Start of Block

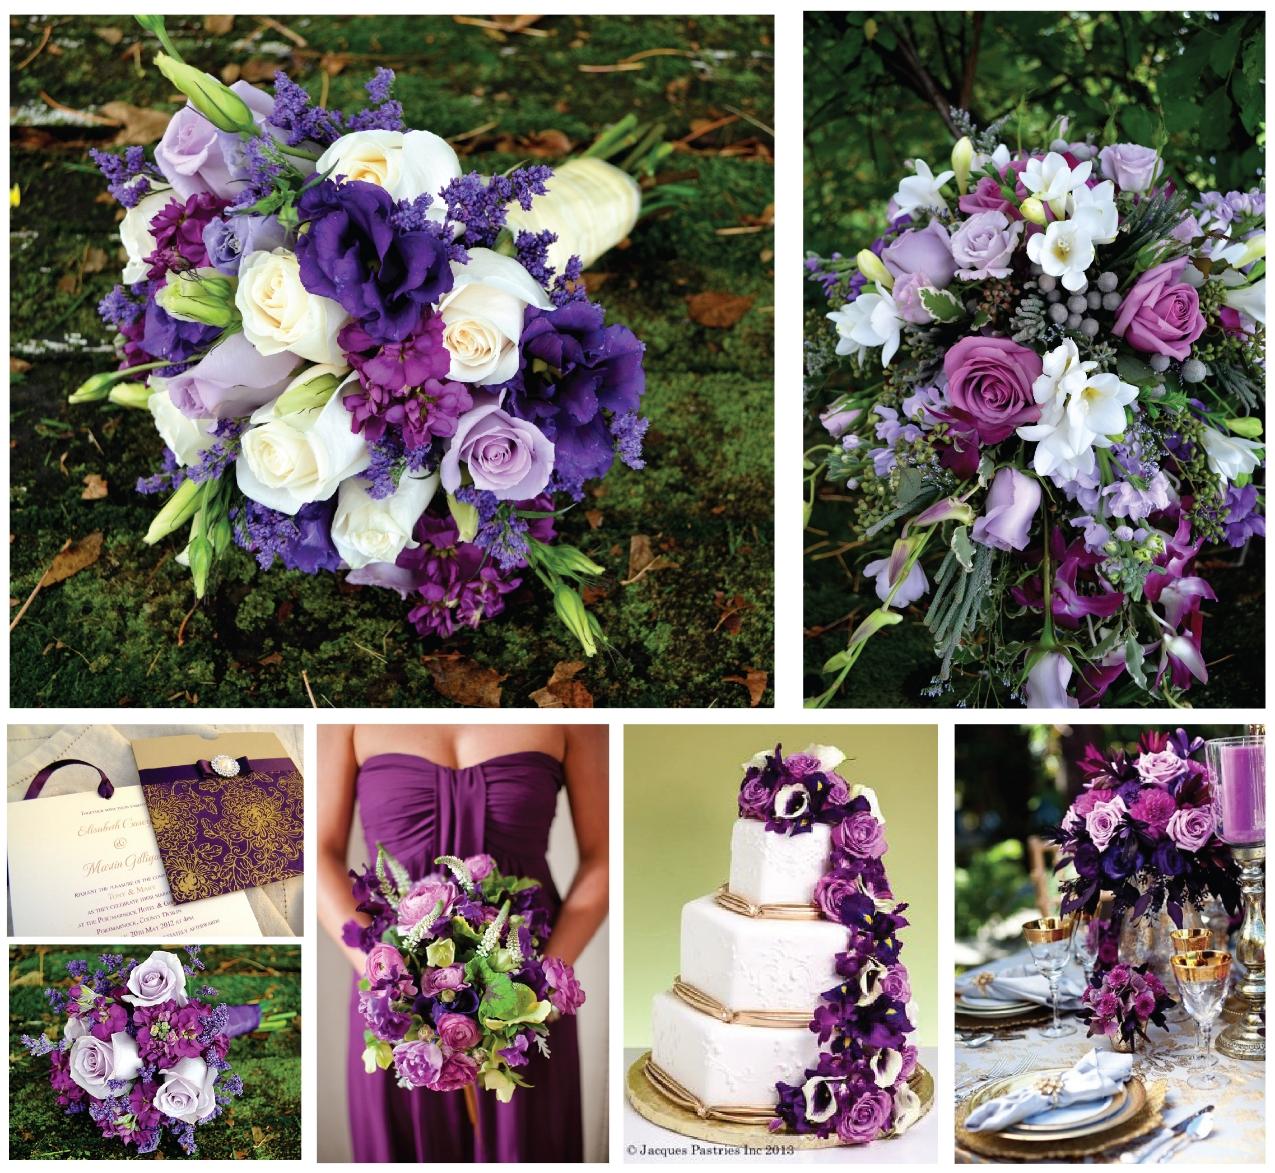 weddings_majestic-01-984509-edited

End of Block
Start of Block

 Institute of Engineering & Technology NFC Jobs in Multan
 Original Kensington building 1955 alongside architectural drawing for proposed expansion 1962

End of Block
Start of Block

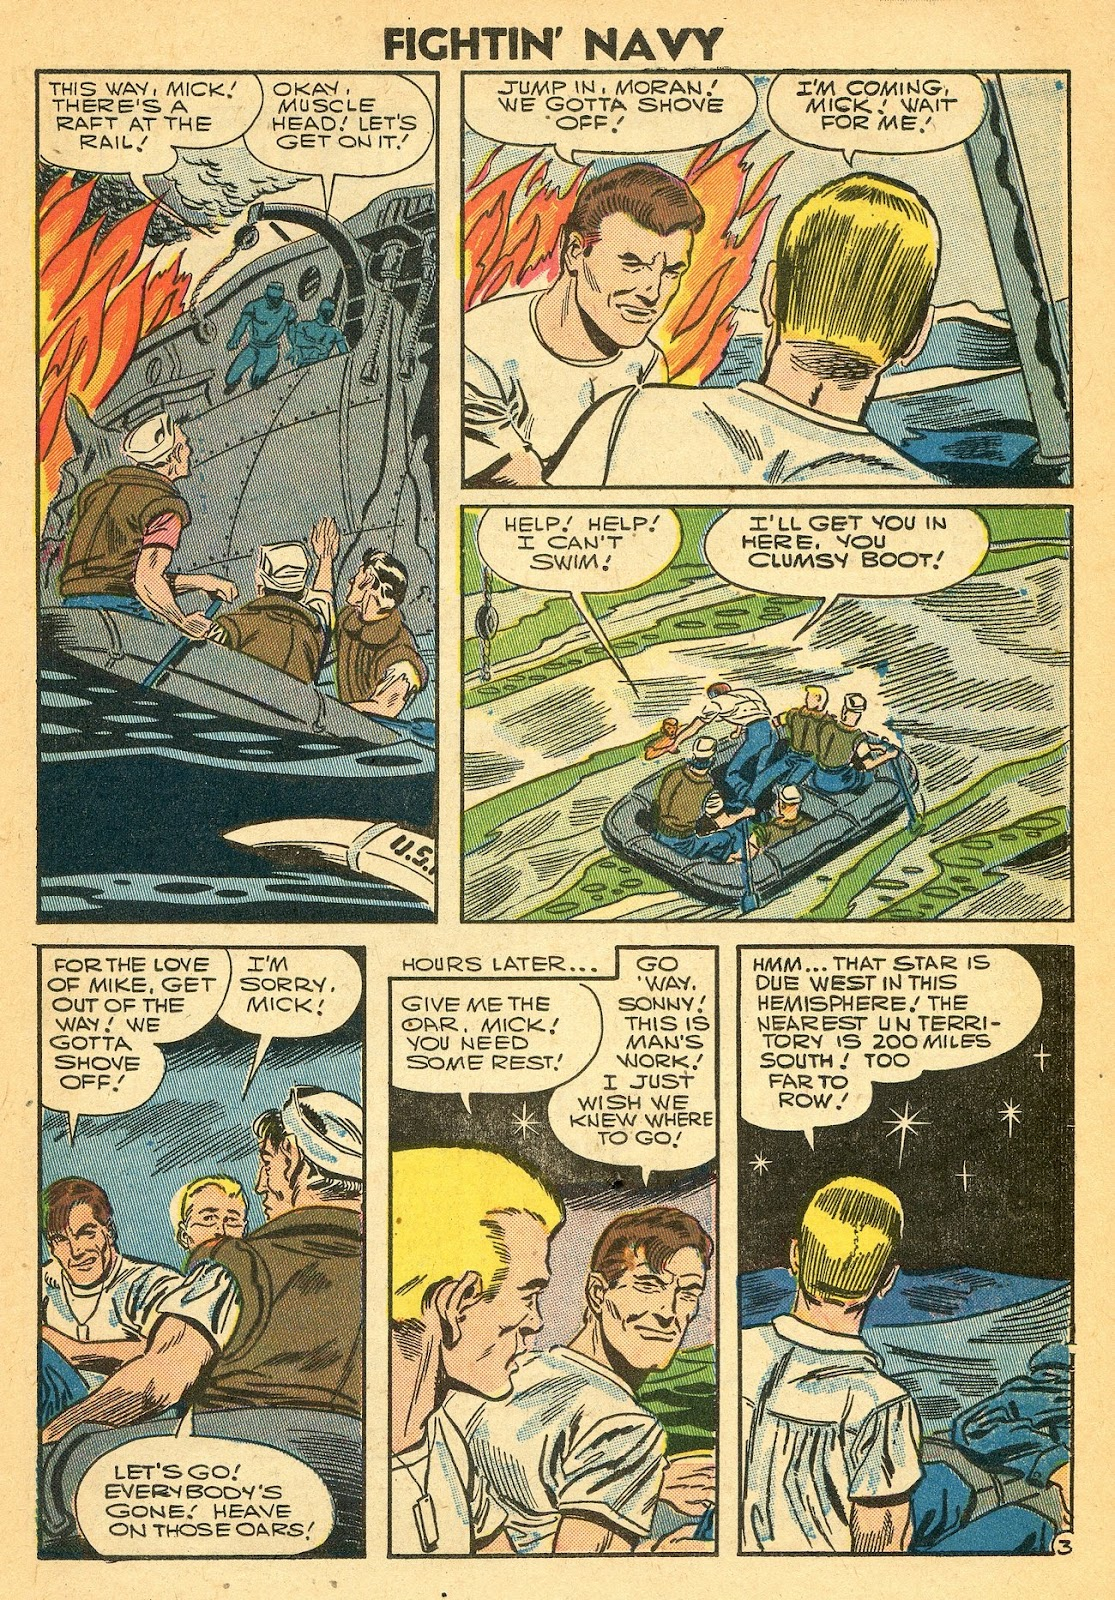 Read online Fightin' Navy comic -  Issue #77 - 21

End of Block

| What to produce |
Could you restate, word for word, the lines above from the one with "Institute of Engineering" to the one with "Original Kensington building", both included?

| Task answer |
 Institute of Engineering & Technology NFC Jobs in Multan
 Original Kensington building 1955 alongside architectural drawing for proposed expansion 1962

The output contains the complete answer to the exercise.